Эпоха художественного директора 38 страница



Не увидел ли здесь Станиславский осуществленным прием «синематографа» с его кадрированием декорации и не обрадовался ли его удаче? Поэтому и писал Симову. Тем более что этот прием теперь не составлял никакой конкуренции новым изобретениям, которые он придумал для «Драмы жизни».

Станиславский подозревал Немировича-Данченко в заимствовании из «Драмы жизни» манеры актерского исполнения. Она заключалась в стилизации игры. Подоплека чувств и отношений выражалась застывшими позами, странными мизансценами, без всякого житейского привкуса. Вся трудность для актеров состояла в том, что при этом они должны были оставаться правдивыми.

Станиславский считал, что приходившая на репетиции Германова подсмотрела эти приемы и передала их Немировичу-Данченко. Станиславский отчаянно противоречил самому себе. Он забыл, что только три дня тому назад (1 ноября 1906) писал в дневнике о противоположном всякому заимствованию возмущении Германовой этой манерой, когда она «бегала по театру и во все горло кричала, что там, наверху, репетируют сумасшедшие». Она даже ушла с репетиции, не выдержав этого зрелища.
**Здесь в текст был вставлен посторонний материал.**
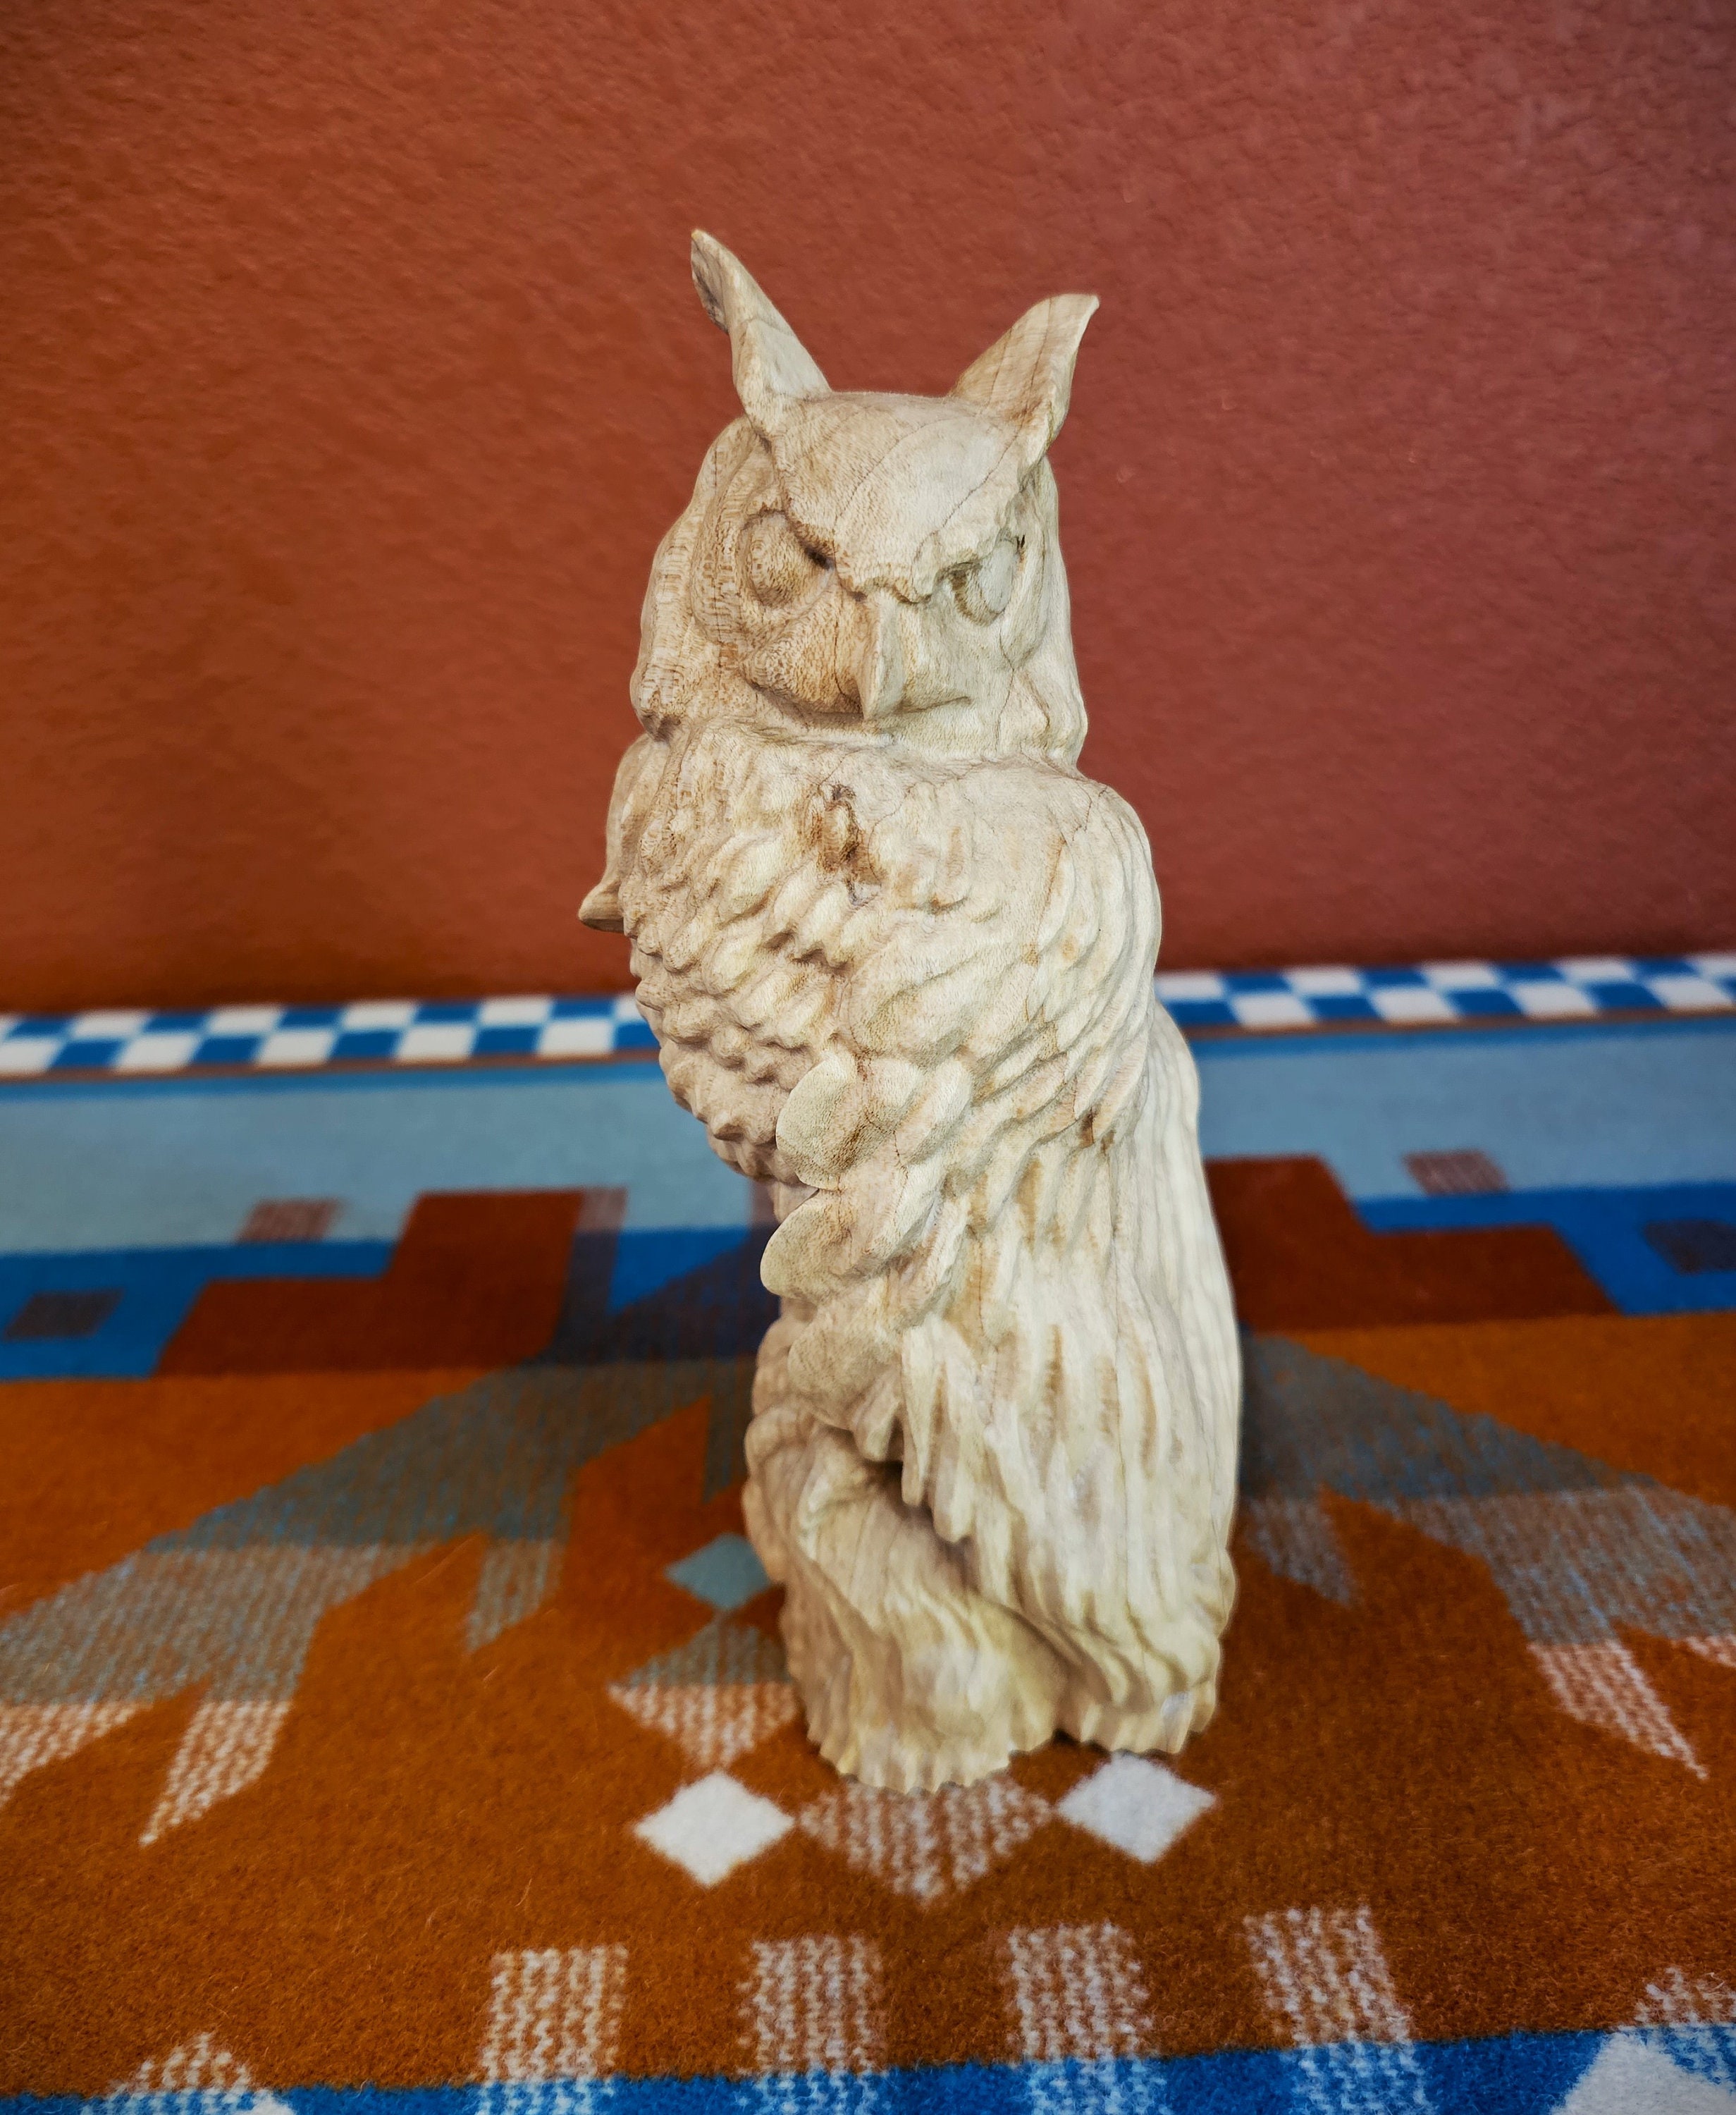 2335 - Aspen Owl Sculpture
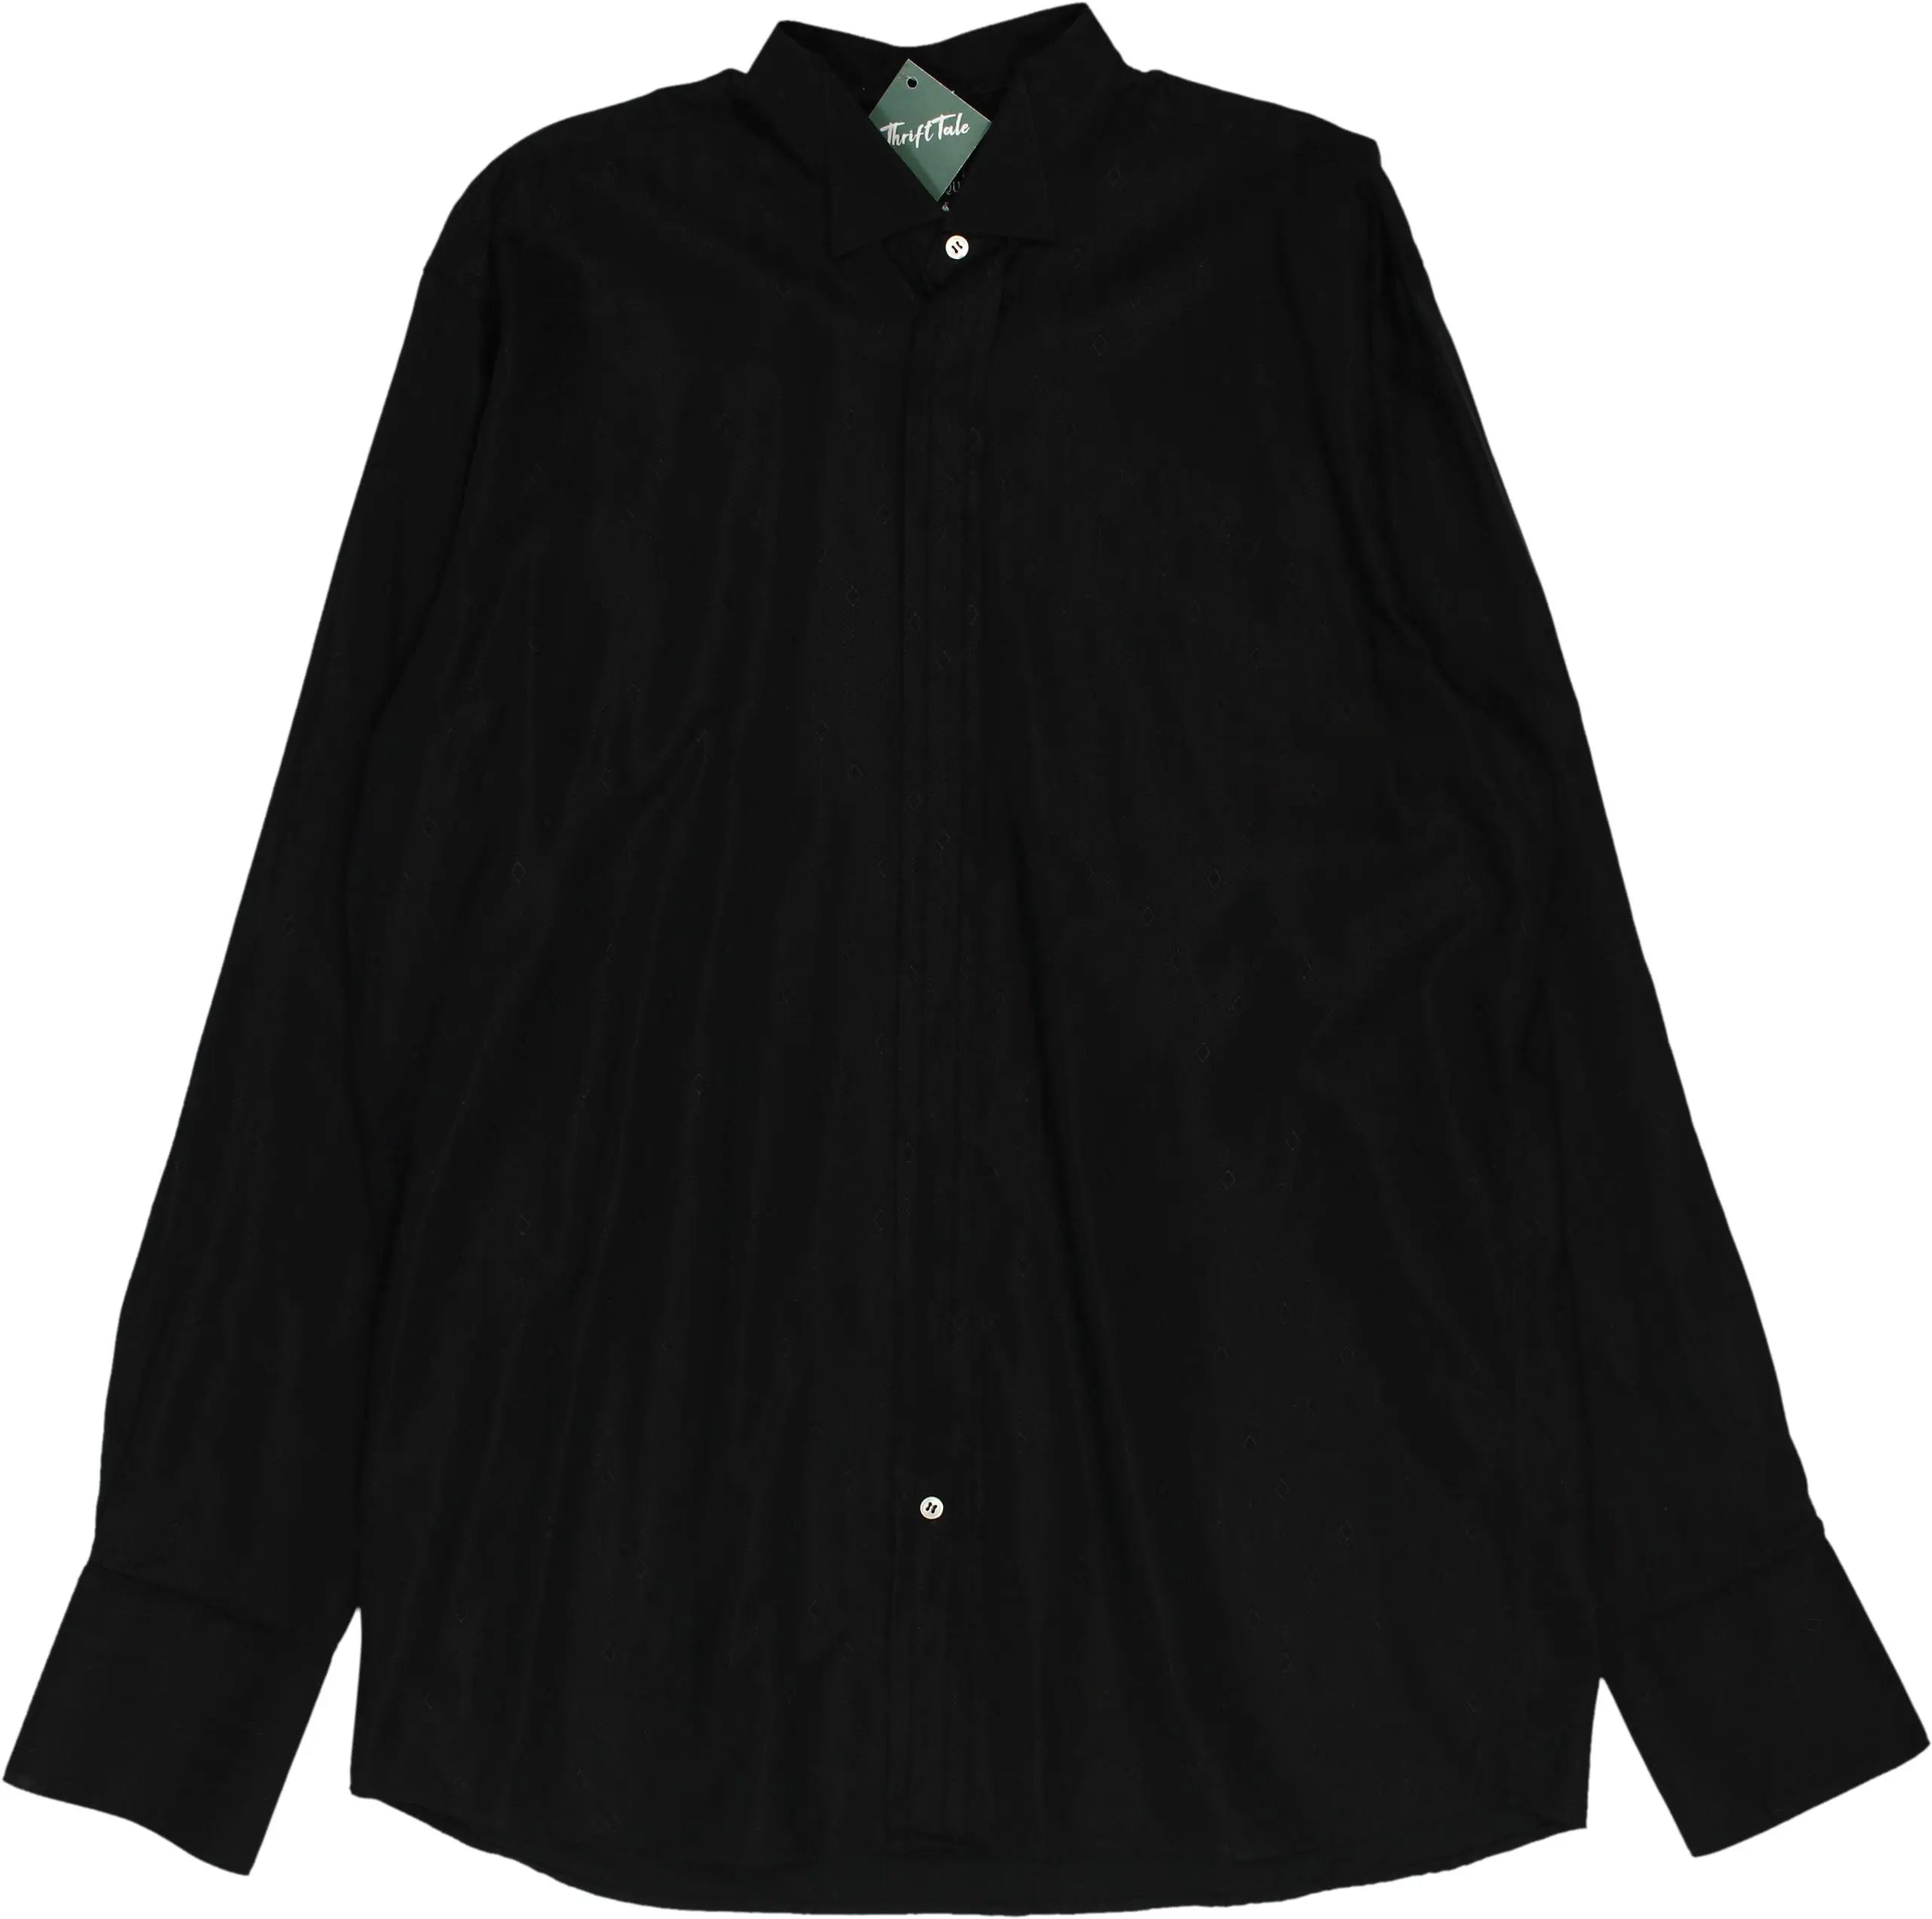 Karl Helmold - Black Shirt by Karl Helmold- ThriftTale.com - Vintage and second handclothing

На этом Станиславский не остановился и заподозрил, что Качалов уже воспользовался приемом стилизации, и у него {329} «роль пошла». На самом деле ничего подобного не происходило. У Качалова было самое легкомысленное представление о репетициях «Драмы жизни». Он вспоминал: «Начались работы по “Драме жизни”, по новой манере. Театр разделился на два лагеря: “брандистов”, потому что одновременно репетировался “Бранд”, и “драмистов”. Работа по постановке “Бранда” была большая, серьезная, даже мучительная. Параллельно шла новая работа, веселая, с участием Саца и Сулержицкого, как режиссера». Похоже, Качалов немного завидовал «веселой», как ему казалось из лагеря «брандистов», работе в «Драме жизни». Ни о каких влияниях из противоположного лагеря он не писал.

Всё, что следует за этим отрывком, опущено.